Сушкин не дал привязать себя к нактоузу, хотя, вроде бы, оставалось зажмуриться и вот так, ничего не видя, ждать конца света. Он не стал его ждать. Потому что это был его пироскафи были друзья, которых не бросают даже при самой-самой погибели. Он вместе с ними толкнул себя под ветер и тугую воду. Он рядом с железными пятернями капитана и крепкими клювами Дона и Бамбало вцепил в скрученную парусину свои пальцы…

Намотанный на толстенную жердь брезент лежал у поручней верхней палубы — на всякий случай. И вот, пригодился…

Потом Сушкин, когда вспоминал эту бурю, не мог понять, как они втроём (или вчетвером) справились с парусиной. Ведь она была похожа на взбесившееся листовое железо. Она несколько раз сбивала с ног ругавшегося по-африкански Донби, швырнуло на поручни и оглушило капитана, замотало в свою сырую твёрдость Сушкина.

Как он вырвался?..

И как они сумели поднять на продёрнутых в мачтовые блоки тросах большущий брезентовый квадрат, как закрепили на стойках поручней шкоты?..

Но они это сделали. Капитан кинулся в рубку, к штурвалу.

— Донби, держи Тома, чтобы не сдуло! — и налёг на рукояти.

«Дед Мазай» нехотя повернулся спиной к шторму. Тонкая мачта перед рубкой изгибалась, но держала парус. Ветер по-прежнему ревел, струи дождя, как и раньше, были похожи на резиновые жгуты, но гром взрывался уже в некотором отдалении. А в движении судна появилась осмысленность. Оно шло по прямой, послушное рулю, хотя волны ещё захлёстывали корму.

К счастью, все это случилось на широком разводье, вдали от берегов. И впереди тоже открывался простор. Над ним сквозь ослабевший дождь осторожно проглянула солнечная щель.
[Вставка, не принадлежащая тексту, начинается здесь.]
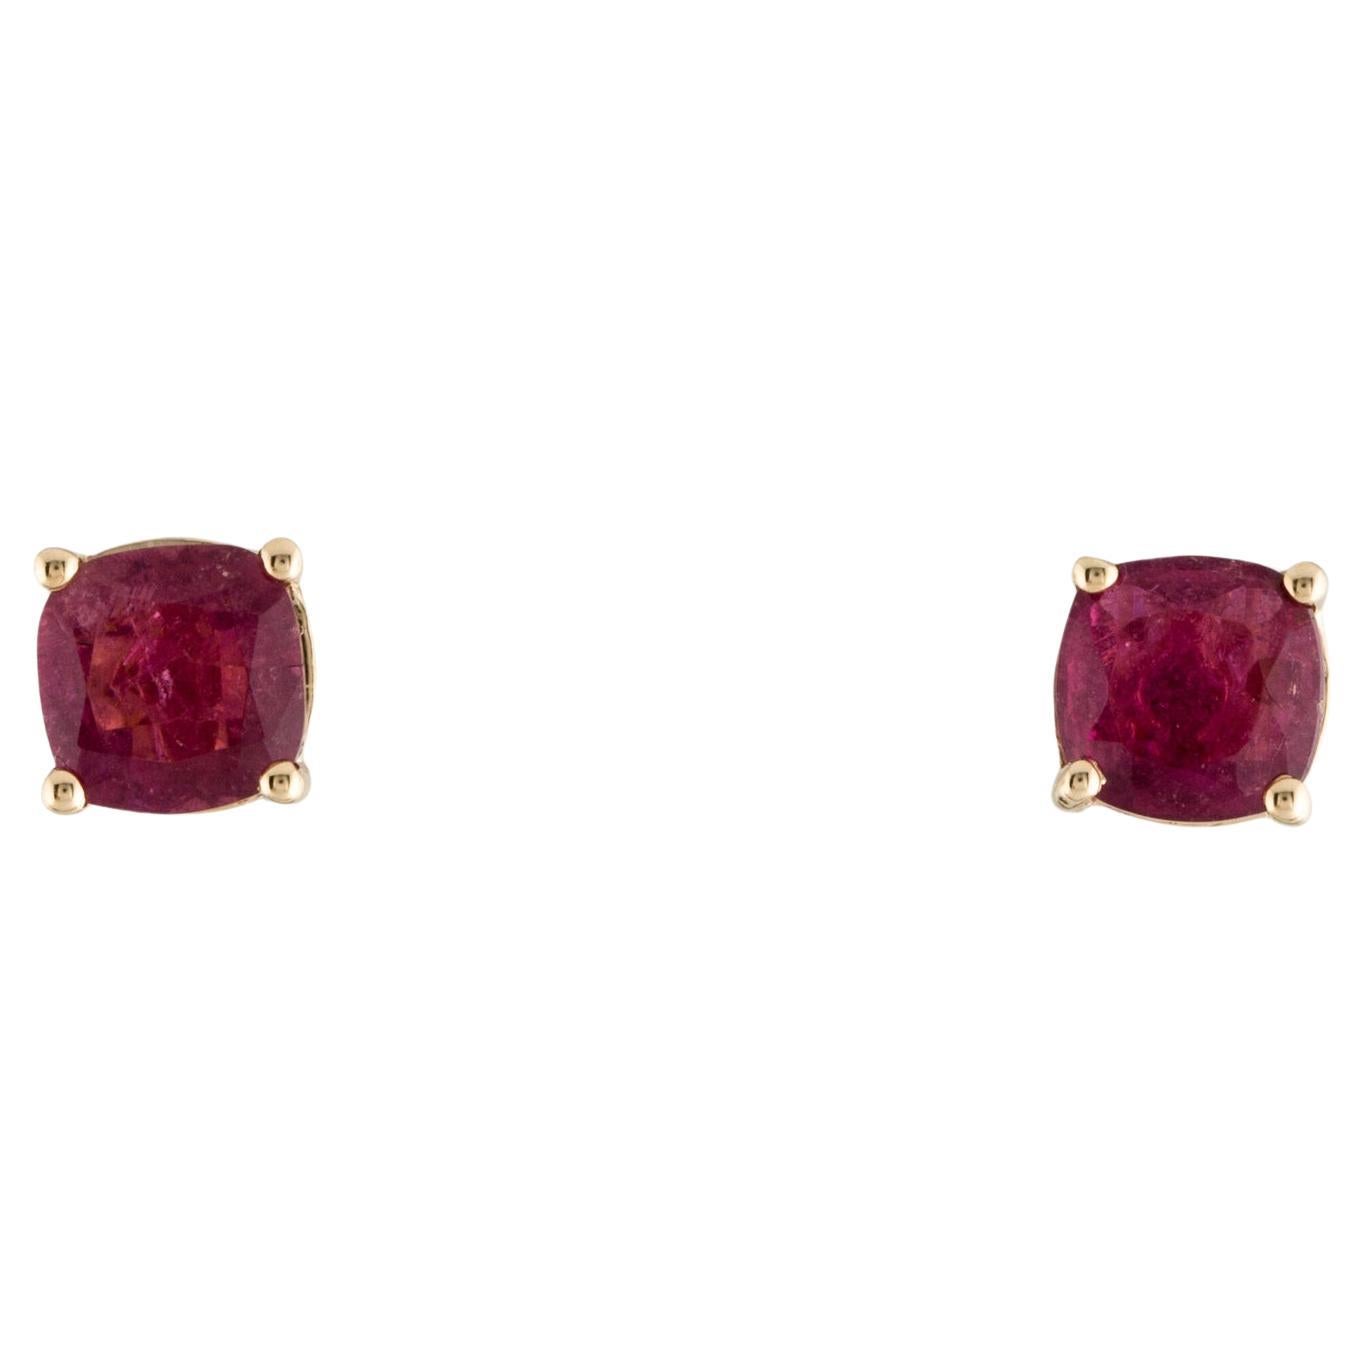 Exquisite 14K Tourmaline Stud Earrings - Stunning & Timeless Glamour Jewelry For Sale

Сушкин понял, что на этот раз стихия пощадила его. «Дед Мазай» выдержал штормовой напор.

«Хороший ты мой», — сказал Сушкин пироскафу (впрочем, сейчас это был не пироскаф, а парусник).

Дядя Поль окликнул из рубки:

— Том помоги старому Поддувале на руле…

Том подскочил, вцепился в рукояти.

— Что-то спина застонала после встряски, — пожаловался капитан.

— А я перепугался, как зайчонок, — честно сказал Сушкин. — Даже заорал с перепугу… Дядя Поль, ты слышал?

— Что можно было слышать в такой свистодуй? Да и заорал ты, скорее всего, не с перепугу, а для разрядки нервов. Такое бывает даже с опытными матросами…

— Может быть, — охотно согласился Сушкин. — А ещё, наверно, оттого, что брякнулся плечом о нактоуз. Вон какой синячище…

— Изрядный… Ну, ничего, заживёт Поздравляю тебя, Том, с морским крещением. Правда, здесь не море, но переделка была, почти как в Бискайском заливе. Хорошо, что стихает…

— Наш Поликарп любит драматические сравнения, — ласково сообщил Бамбало. Две страусиные головы торчали в распахнувшемся окне рубки. Дон спросил: — Поль, пивка не осталось?

— Сгиньте, изверги, — велел капитан. — Том, смотри, там за мысом, кажется, скрытая от ветра бухта. Давай, свернём туда. Станем на якорь и будем зализывать раны…

— Лево руля, — скомандовал себе Сушкин. И налёг на рукоять плечом (не тем, где синяк, а другим).

Повернули у самого мыса, сбросили парус, по инерции прошли вплотную к берегу. Отдали якорь, потравили канат и закачались на мелкой ряби — метрах в двадцати от песчаной полосы.

— Уф, — сказал капитан Поль. Похоже, что остальные сказали так же.

Здесь совсем не дуло. Пахло сырым песком и береговой травой.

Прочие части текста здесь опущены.